NASA increases return-to-flight shuttle crew to seven

Posted: November 7, 2003

Two space veterans and a rookie have joined four other astronauts already training as the crew for NASA's first post-Columbia space shuttle mission, now targeted for launch next September.

Commander Eileen Collins, pilot Jim Kelly and mission specialists Steve Robinson and Soichi Noguchi have been preparing for the STS-114 flight to the International Space Station since 2001. They were due to blast off a month after Columbia's homecoming earlier this year. But the shuttle tragedy, of course, grounded the shuttle fleet.

The original STS-114 shuttle crew: Kelly, Robinson, Noguchi and Collins. Photo: NASA
STS-114 was envisioned as a re-supply mission to the station and exchange of the resident crew -- with the three-man Expedition 7 launching on the shuttle and the Expedition 6 astronauts living on the station returning back to Earth.

When the "new" STS-114 flies next year, the originally four shuttle crew members will be joined by astronauts Andrew Thomas, Wendy Lawrence and Charles Camarda as mission specialists, NASA announced on Friday.

"STS-114 is going to be a complex developmental test flight, and this crew has the right set of skills and experience to help get the space shuttles safely flying again," said NASA's Associate Administrator for Space Flight William Readdy.

"STS-114 was always slated to have a crew of seven. But now, instead of three crew rotating on-and-off the International Space Station, all crew members will be dedicated to the STS-114 mission objectives."

Astronauts Charles Camarda (left) and Andrew Thomas look at the nose cap recently removed from the shuttle Atlantis during a recent visit to Kennedy Space Center. Photo: NASA
The revised plan for this return-to-flight shuttle mission will see the crew test inspection and repair techniques for the orbiter's thermal protection system.

A long boom will be flown for the first time to survey the shuttle outer surface to detect any damage suffered during launch. A piece of foam from the external fuel tank struck Columbia's wing about 80 seconds after liftoff, dooming the craft on re-entry.

Spacewalking astronauts also plan to experiment with repair kits in the shuttle's payload bay.

Some station objectives initially slated for the mission will still occur, including the delivery of equipment and supplies using an Italian-built module carried up in the shuttle's payload bay and mounted to the Unity connecting module for unloading.
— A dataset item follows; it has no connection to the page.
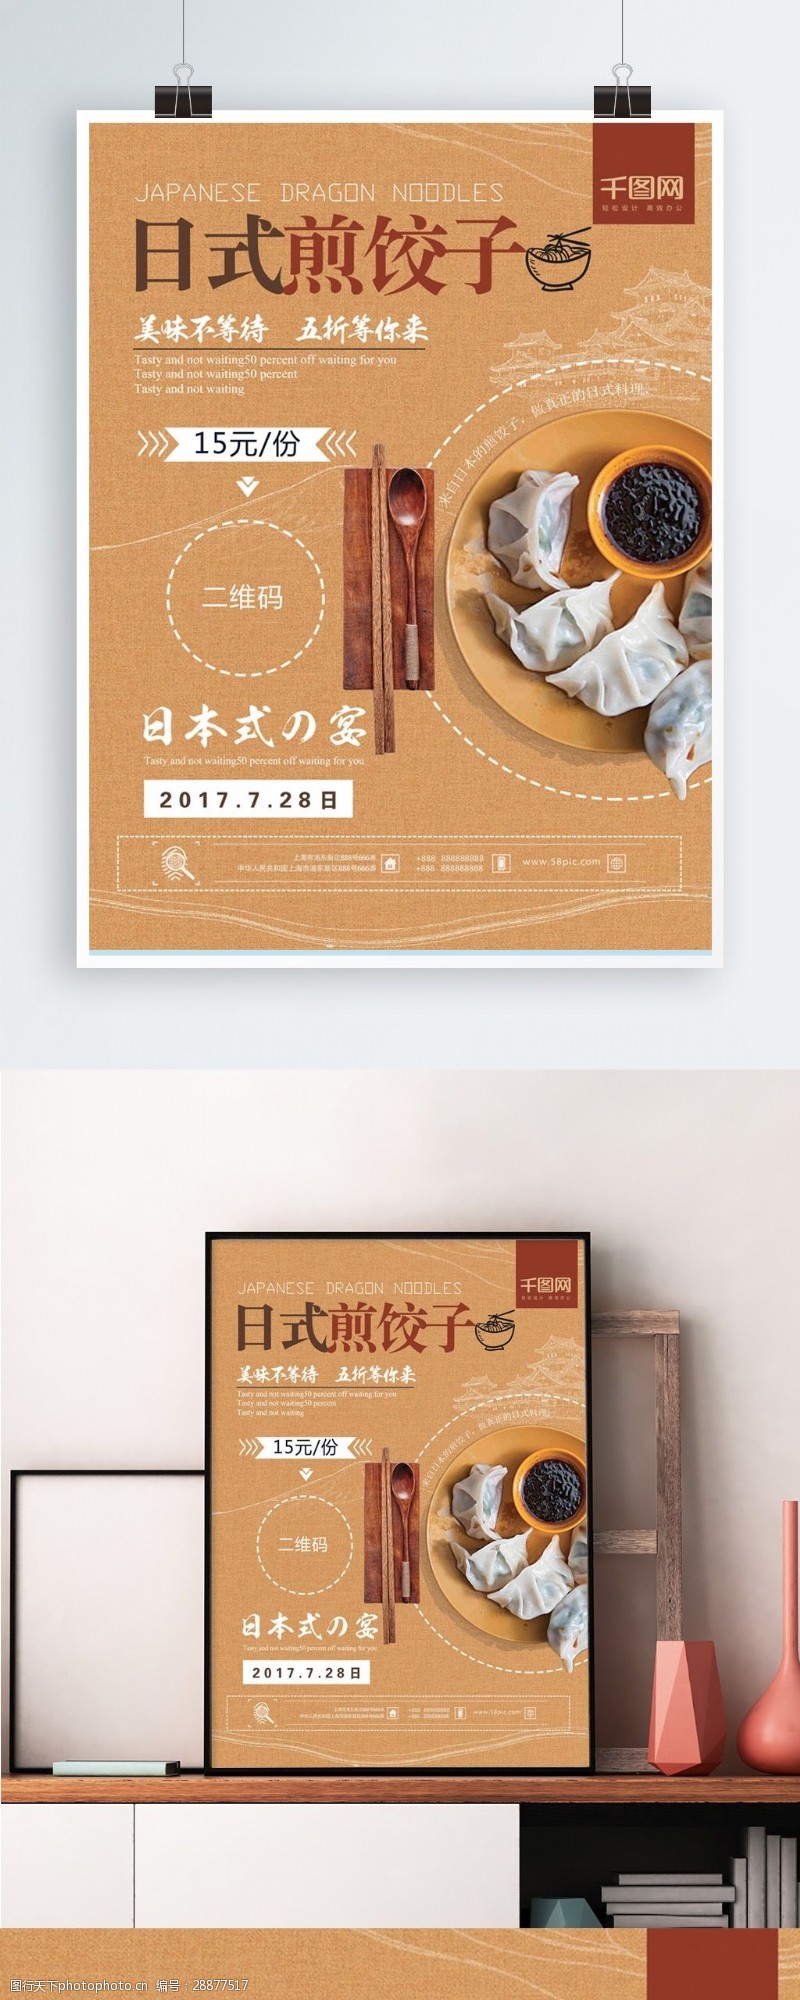 冬季新品上简约清新日式香煎饺子美食新品上市促销海报

Two other spacewalks are planned to replace a failed gyroscope that helps keep the station oriented in space and to hook up an external platform that supports spare parts for the outpost.
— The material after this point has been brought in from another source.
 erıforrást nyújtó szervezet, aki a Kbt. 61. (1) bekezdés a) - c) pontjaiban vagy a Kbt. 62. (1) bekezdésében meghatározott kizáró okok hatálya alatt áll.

"This is a demanding mission and the addition of Andy, Wendy and Charlie, to this already well-qualified crew, ensures they have all the skills necessary to meet the challenge of return-to-flight and the resumption of space shuttle support of the International Space Station," add Bob Cabana, director of flight crew operations at NASA's Johnson Space Center.

Astronaut Wendy Lawrence looks at tiles on Atlantis while taking part in hands-on equipment and orbiter familiarization tour at KSC. Photo: NASA
"Andy brings a wealth of experience in all areas of operations from his previous shuttle flights and Mir space station mission. Wendy is a superb robotics operator with detailed knowledge of all the shuttle systems. Charlie has been actively involved with the thermal protection system repair activities and has trained as a backup space station crewmember. He is thoroughly familiar with the systems on board the International Space Station," Cabana said.

"When coupled with Eileen, Jim, Steve and Soichi, who were already trained to perform the assembly tasks on this mission, the full crew will have the expertise and crew time to accomplish all mission objectives," Cabana said.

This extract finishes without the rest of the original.